Высокие окна, задрапированные легкими кремовыми портьерами, смотрели на море. У окон стояли со вкусом сервированные столики. На каждом столике на деревянной подставочке кокетливо красовался красно-желто-черный флажок с гербом Германской Демократической Республики. Миловидная официантка-грузинка грациозно разносила семгу, такую розовую, сочную и нежную, что от одного ее вида блаженство наполняло мой рот и растекалось по всему телу.
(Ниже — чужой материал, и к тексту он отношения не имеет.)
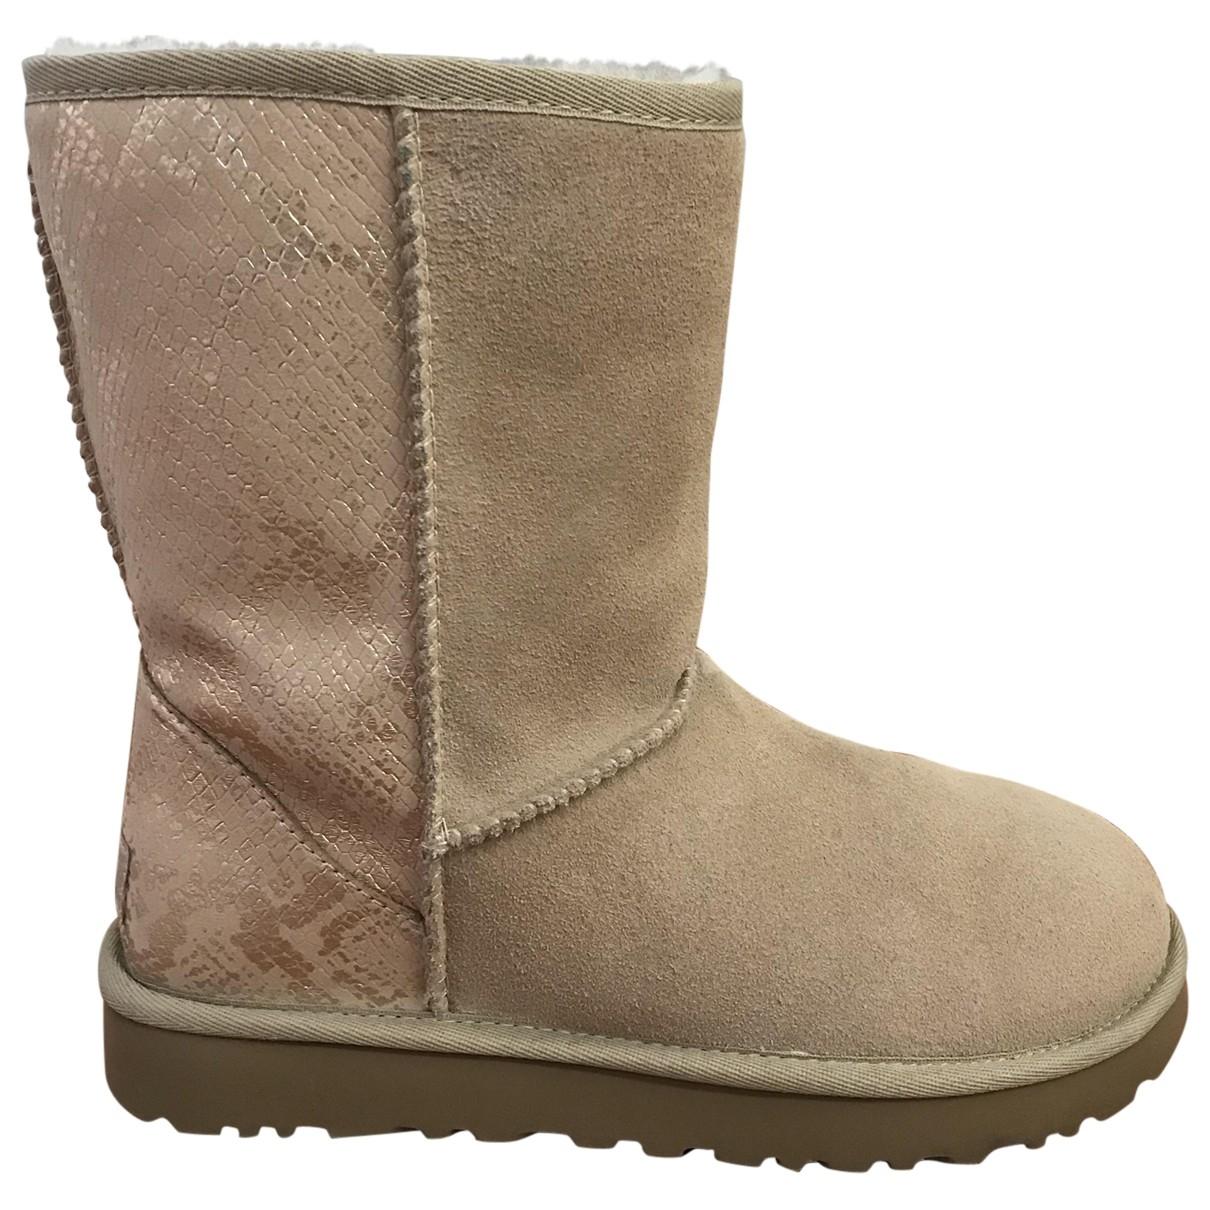 Ugg \N Beige Suede Boots for Women 38 EU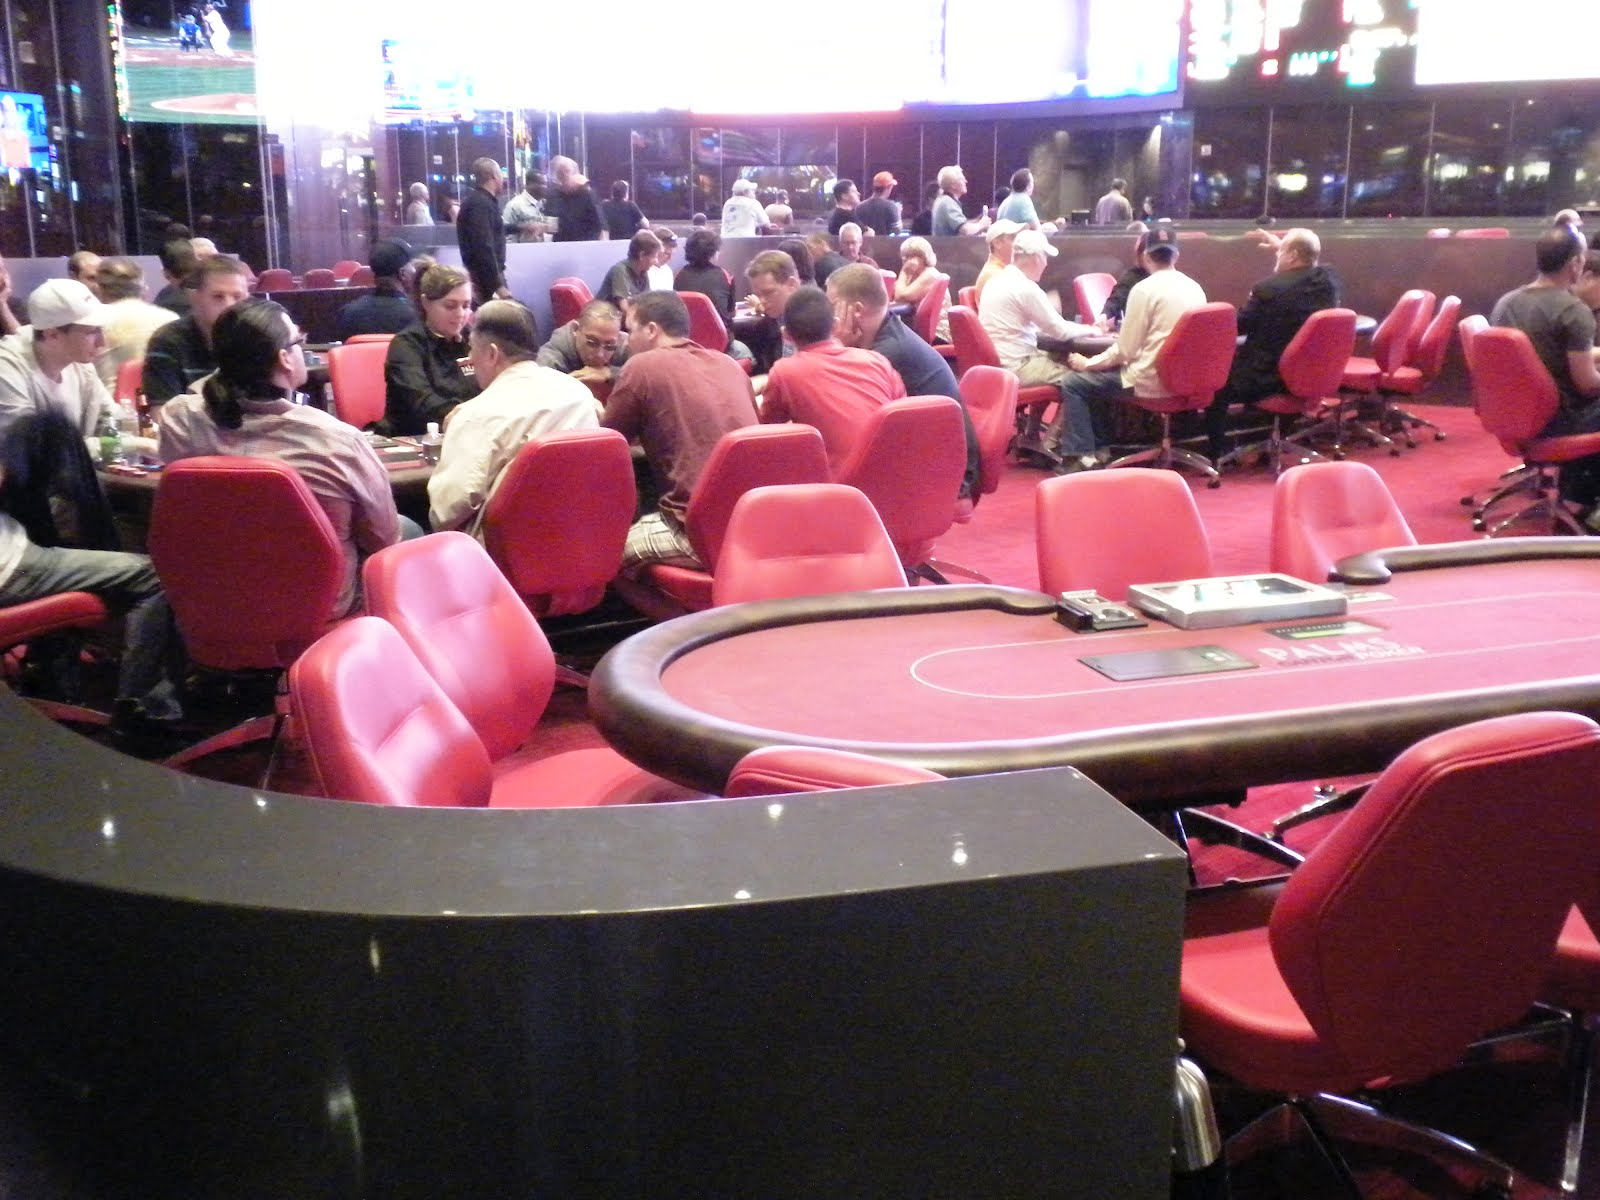 Sandia casino poker tournaments erie casino jobs

А люди, которым, в отличие от меня, разрешали в шортах входить в столовую, развалились за этими столиками в позах, которые мне тревожно напоминали то ли что-то уже описанное, то ли виденное мной в натуре, что-то такое, что мне ужасно не хотелось вспоминать сейчас, в Гагре 1968 года.
С женой и сыном за особые заслуги, оказанные гагринцам на ниве здравоохранения, я тоже сподобился ужинать в этом зале. Правда, входить сюда мы были обязаны, как формулировалось, прилично одетыми. Но все же... не в конюшню.
Сидели мы не у окна за столиком с красно-желто-черным флажком, а у противоположной стены. И между теми столиками и нашими был еще один ряд столов, пустующих, ничейных, как нейтралка.
И семги на ужин нам не подали. Вместо семги на закуску выдали ложечку икры баклажанной, консервированной в позапрошлом году. И даже вид ее не улучшал пищеварения. И почему-то мясного рагу хватило только на столики у окон. А у нас был все тот же шницель рубленный, в котором мясо обнаруживалось только при тщательнейшем качественном анализе.
Миловидная грузинка не подносила нам красивых чашек с какао.
Сын рыскал по столовой в поисках чайника, в котором еще можно было найти остывающий напиток.
Ужин проходил, как формулируют, в дружеской атмосфере.
Оттуда, из-за столика с красно-желто-черным флажком, мне приветливо помахал длиной рукой мой старый знакомый.